Vito Spatafore: (After Finn has seen Vito performing oral sex on a male security guard in the morning) Badan. Sound like a racehorse pissin' in there.
Finn DeTrolio: Hey, how's it goin'?
Vito Spatafore: You know, I never asked you what your last name is.
Finn DeTrolio: It's DeTrolio.
Vito Spatafore: Finn DeTrolio, my arch nemesis. Enjoyin' yourself here?
Finn DeTrolio: It's alright.
Vito Spatafore: I keep tellin' you, you shouldn't work so hard. Long hours. This fuckin' heat. Plus you came in so early today.
Finn DeTrolio: I just do what the job is.
Vito Spatafore: Good. You're strong. That helps.
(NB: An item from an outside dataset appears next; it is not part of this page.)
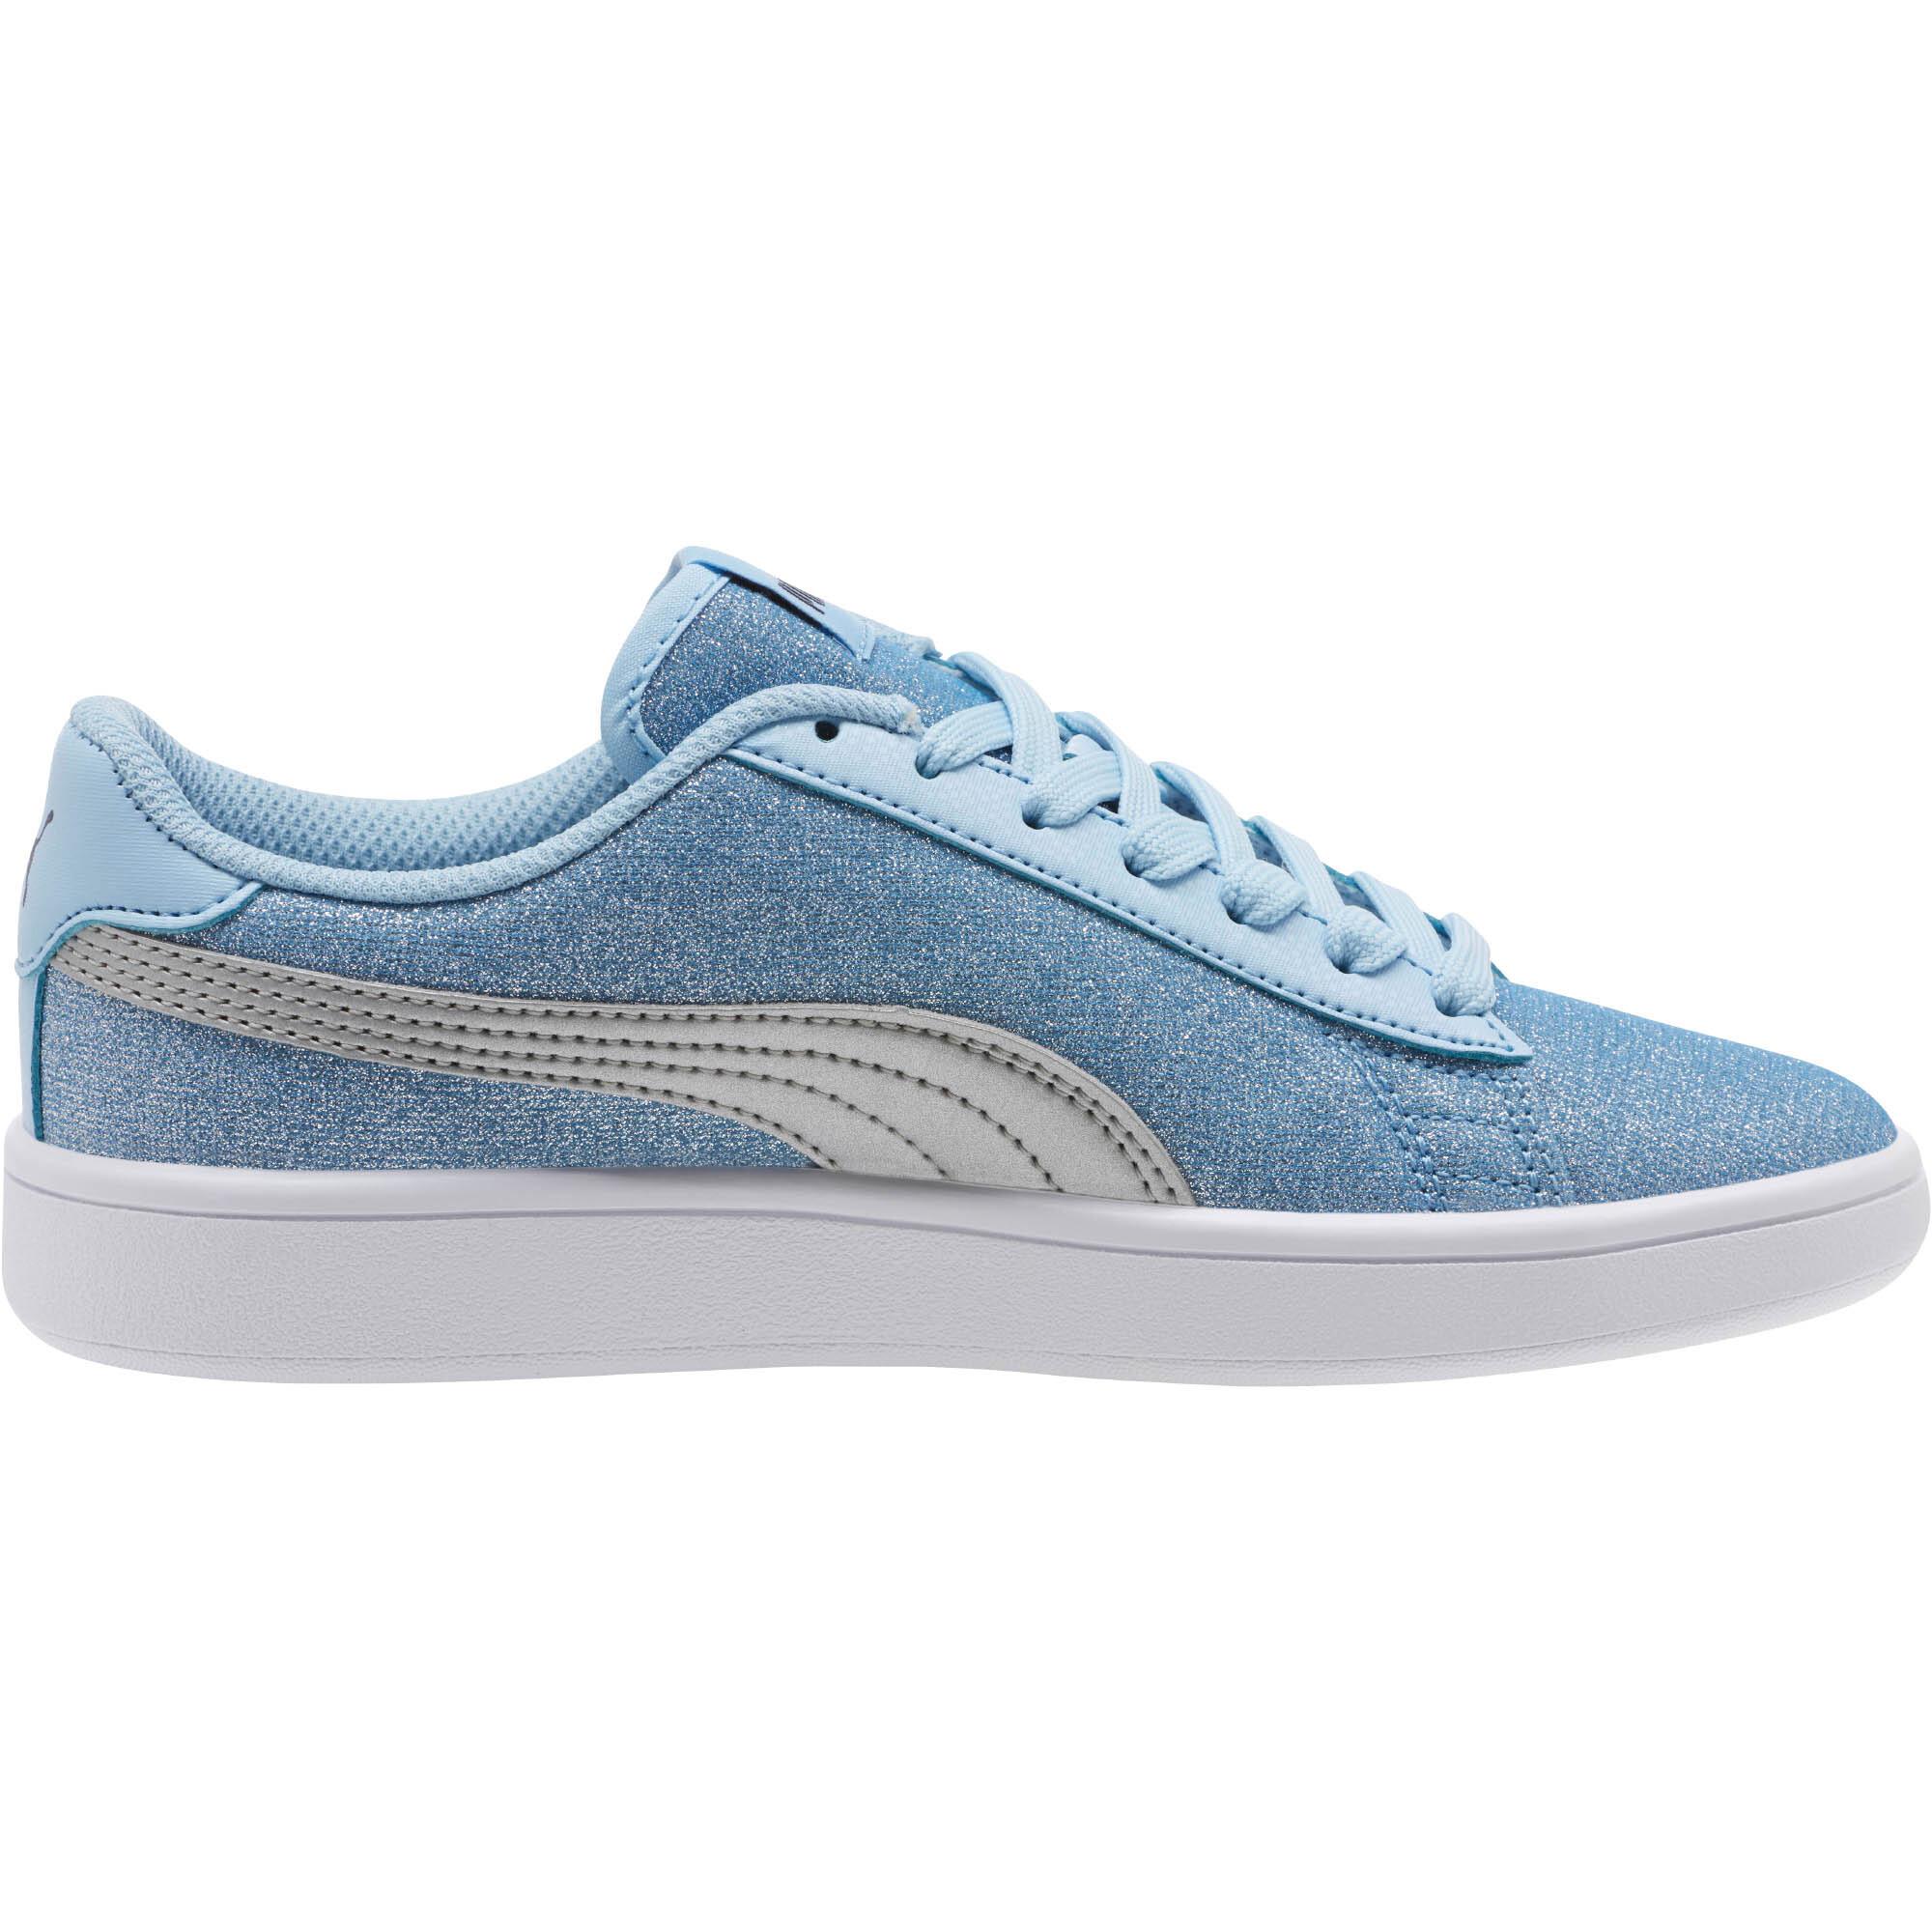 PUMA-Smash-v2-Glitz-Glam-Sneakers-JR-Girls-Shoe-Kids thumbnail 5

You know you can call me Vito.
Finn DeTrolio: Yeah...I..I know.
Vito Spatafore: So say it. Lemme hear you say, "what's up, Vito?"
Finn DeTrolio: What's up, Vito?
Vito Spatafore: Not much, Finn. 'Cept I got a little surprise for ya. Two tickets to see your Padres take a beatin' from the Yanks tonight.
Finn DeTrolio: Whoah...shit...
Vito Spatafore: Third base line, plus it's bat night.
Finn DeTrolio: That's really nice, Vito, but I..I don't know if I can-
Vito Spatafore: Don't pull that aw-shucks shit with me! You're fuckin' goin'! I'll see you under the bat tonight, seven sharp. And I don't like to miss the National Anthem.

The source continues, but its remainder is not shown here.